*PROBLEM TO WORK ON*
All lines from the one containing "Bali-Garden-Kuta wedding-tackages" through the end of the material are to be given back exactly, without pictures.

*INFORMATION SUPPLIED*
[Start of section]

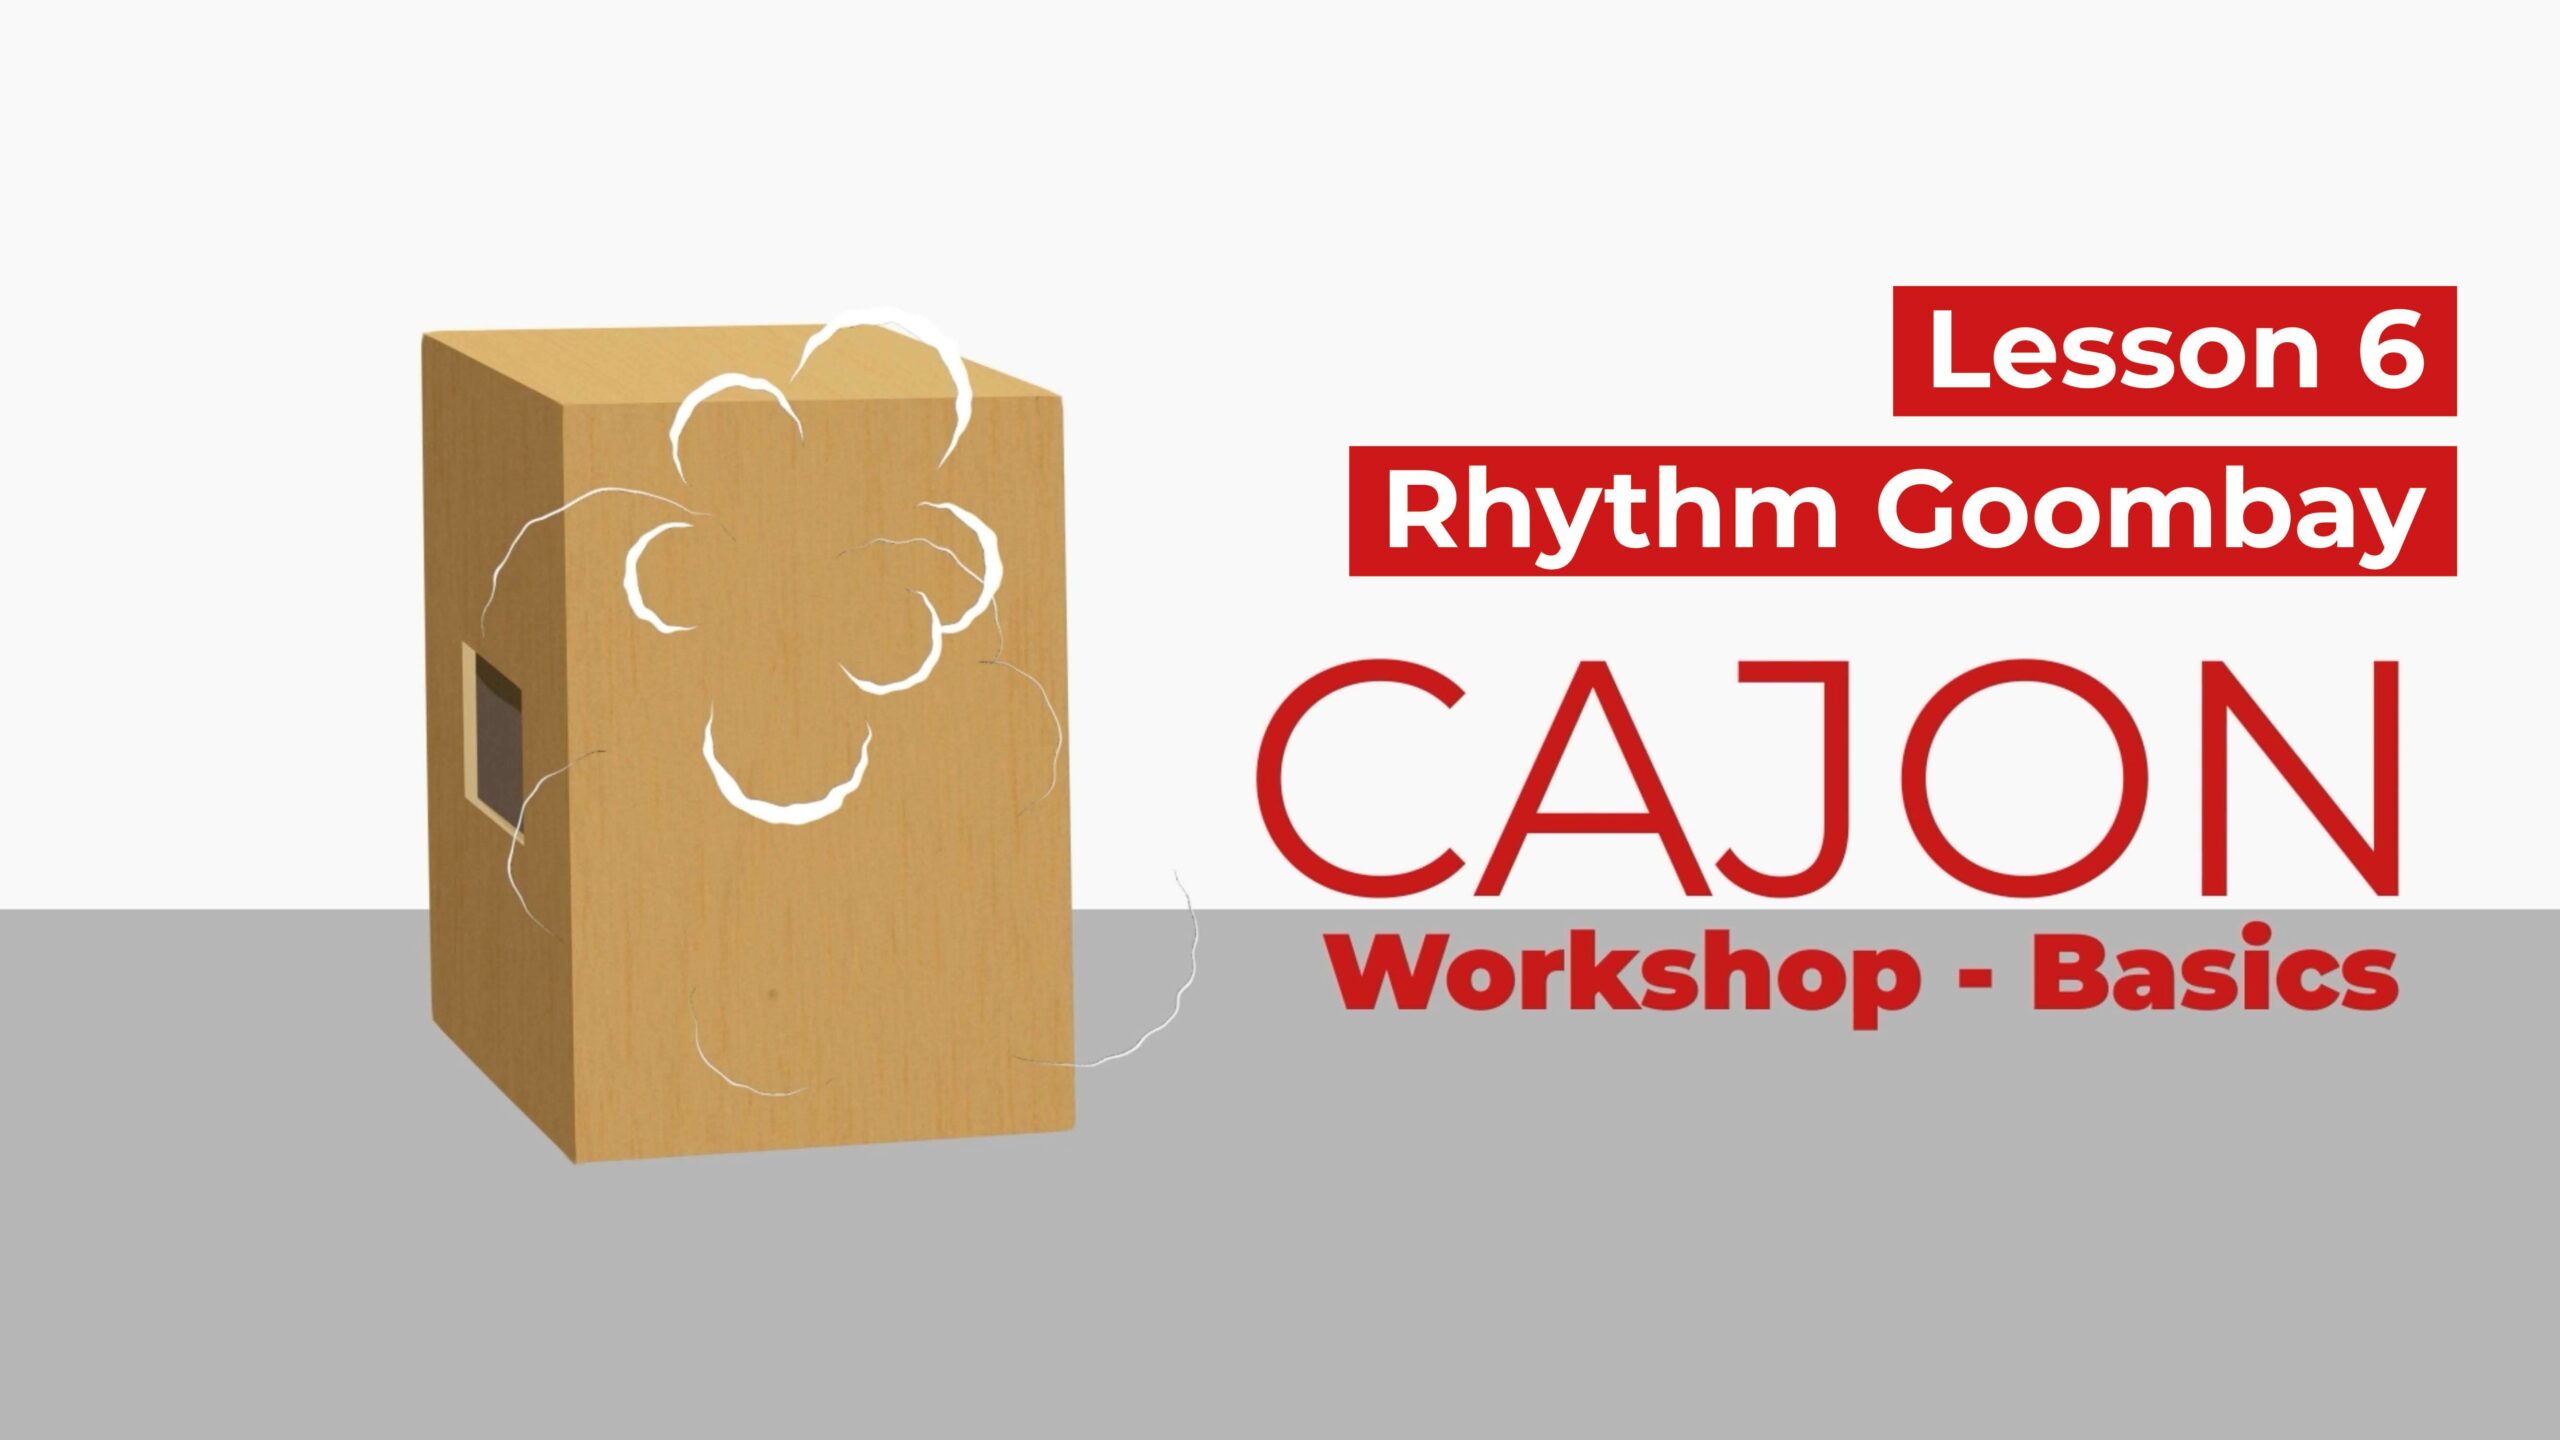 Lesson 6 - Rhythm Goombay
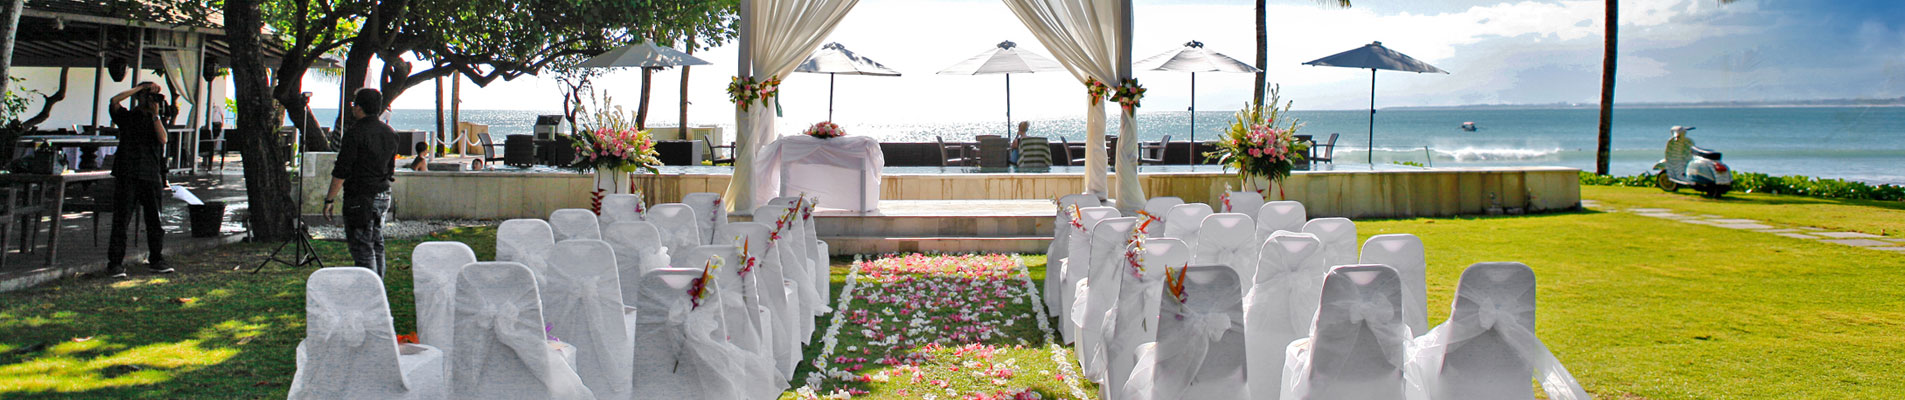 Bali-Garden-Kuta wedding-tackages
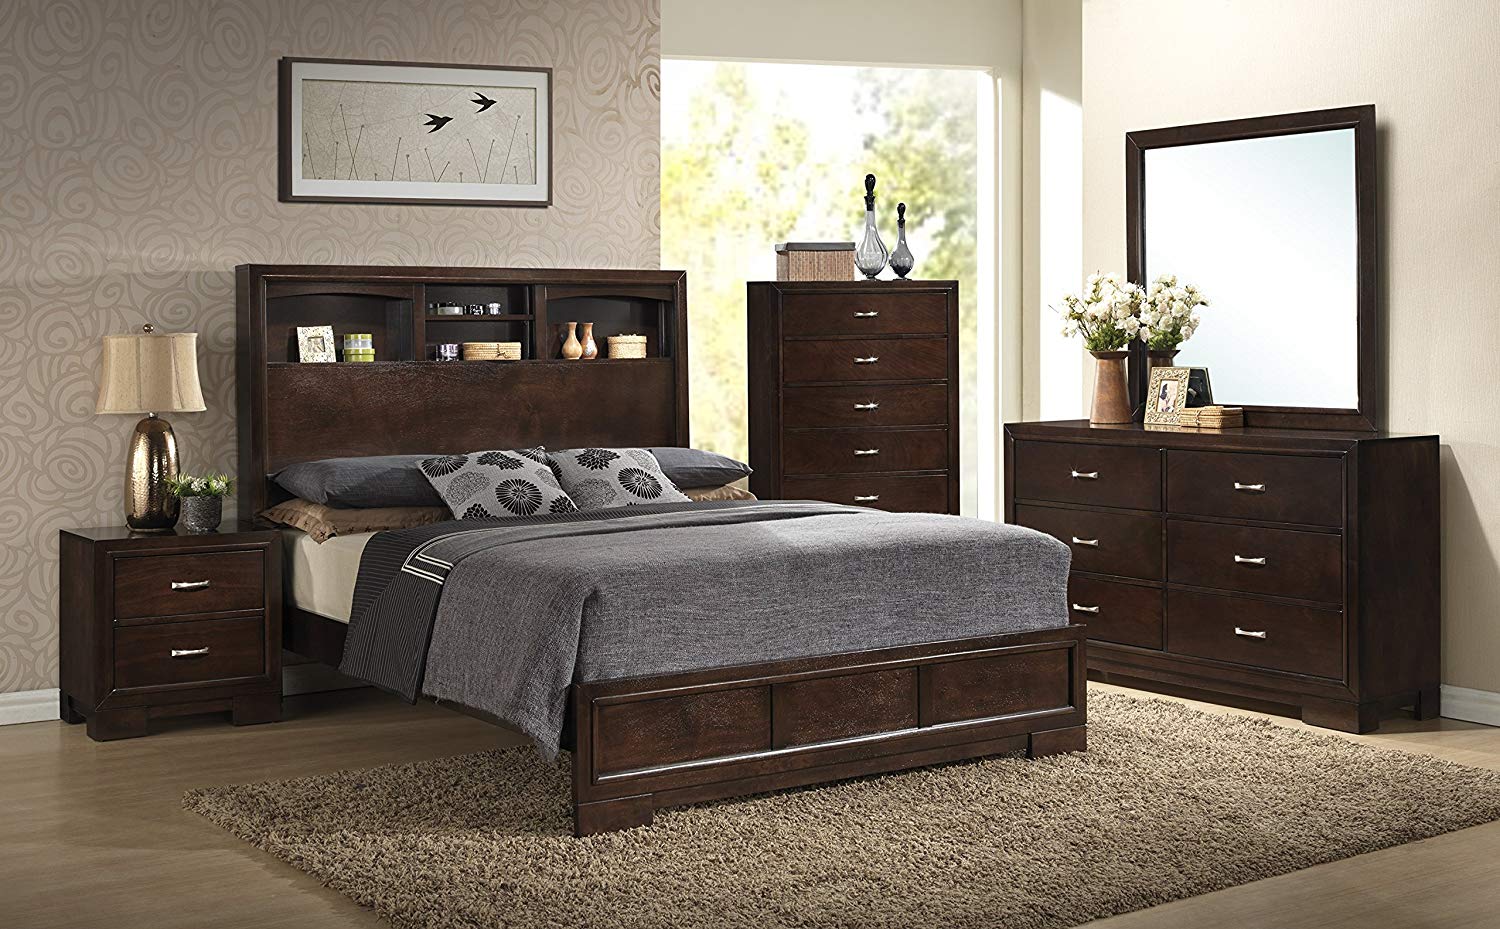 2 piece bedroom furniture set

[End of section]

*ANSWER AREA*
 Bali-Garden-Kuta wedding-tackages
 2 piece bedroom furniture set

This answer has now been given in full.